Sociodemographic variables such as gender, age, education and the Katz20 and Lawton21 indices were obtained from the comprehensive geriatric assessment.

Patients with severe or uncontrolled toxic, metabolic, infectious or vascular neurological diseases; uncontrolled psychiatric disorders, such as depression and/or schizophrenia; heart, liver or kidney disease; cancer; or any other uncontrolled systemic disease were excluded.

Statistical analysis

The validity of the instrument's content was already established by the original authors in 2005.9 To that effect, Spearman's correlation coefficient was used to determine the validity of the construct (convergence) by comparing the MoCA-E to the MMSE (standardised by education and age.22 Analysis of variance (ANOVA) was used to evaluate the sociodemographic differences, as well as to establish the criterion validity on testing the MoCA-E's performance against the reference standard (clinical assessment) among the three groups.
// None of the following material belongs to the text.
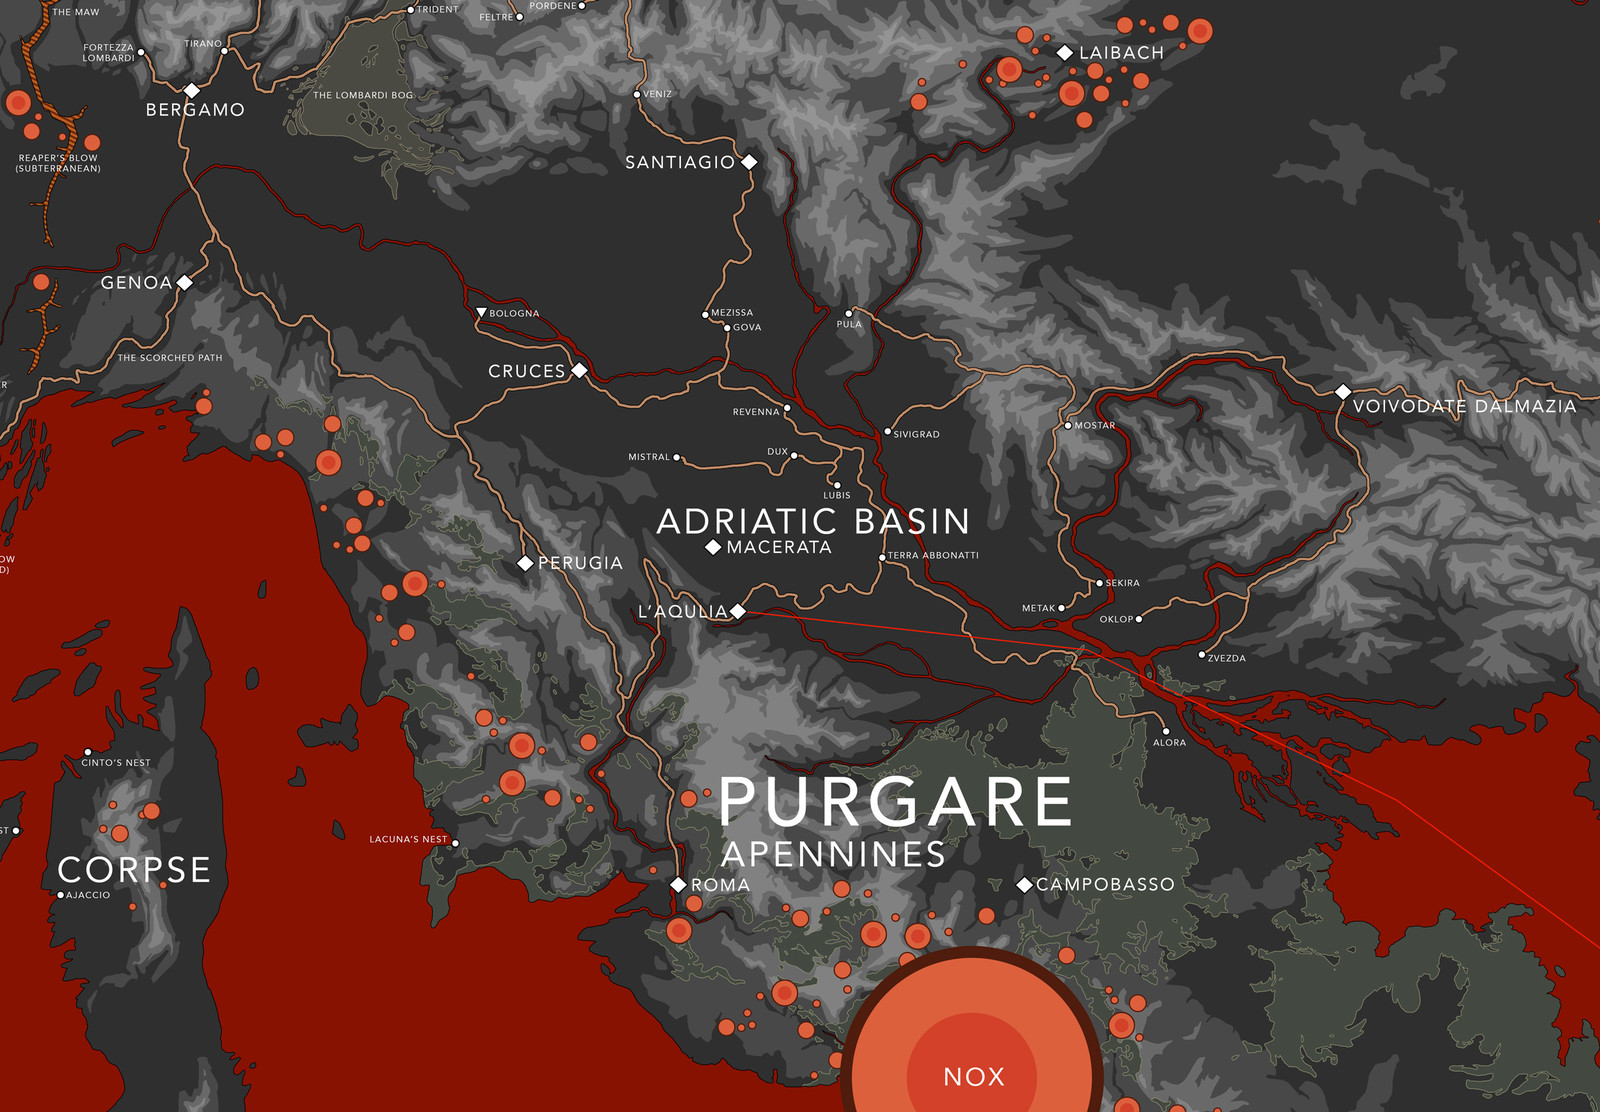 Purgare and the Adriatic Basin

Reliability was analysed using test-retest from estimating the intraclass correlation coefficient in a three-month interval; 23 CHG subjects, 23 with MCI and 23 with dementia were reassessed by two different observers who did not know their clinical diagnosis (APG, SGAN).

To determine the internal consistency index, Cronbach's coefficient was applied,23 which is considered very good if >0.80; good from 0.70 to 0.80; moderate from 0.45 to 0.60 and poor if <0.45. To determine concordance, we compared the result obtained on each of the instruments with the clinical diagnosis using the kappa coefficient, with a degree of agreement ≥0.45 deemed acceptable.24,25

Receiver operating characteristic (ROC) curves were constructed and area under the curve was calculated to estimate sensitivity, specificity, the positive predictive value (PPV) and the negative predictive value (NPV) (95% confidence intervals [95% CI]).26

Finally, a multinomial regression model was constructed to determine the association of age and education with MoCA-E performance both in the MCI and dementia groups.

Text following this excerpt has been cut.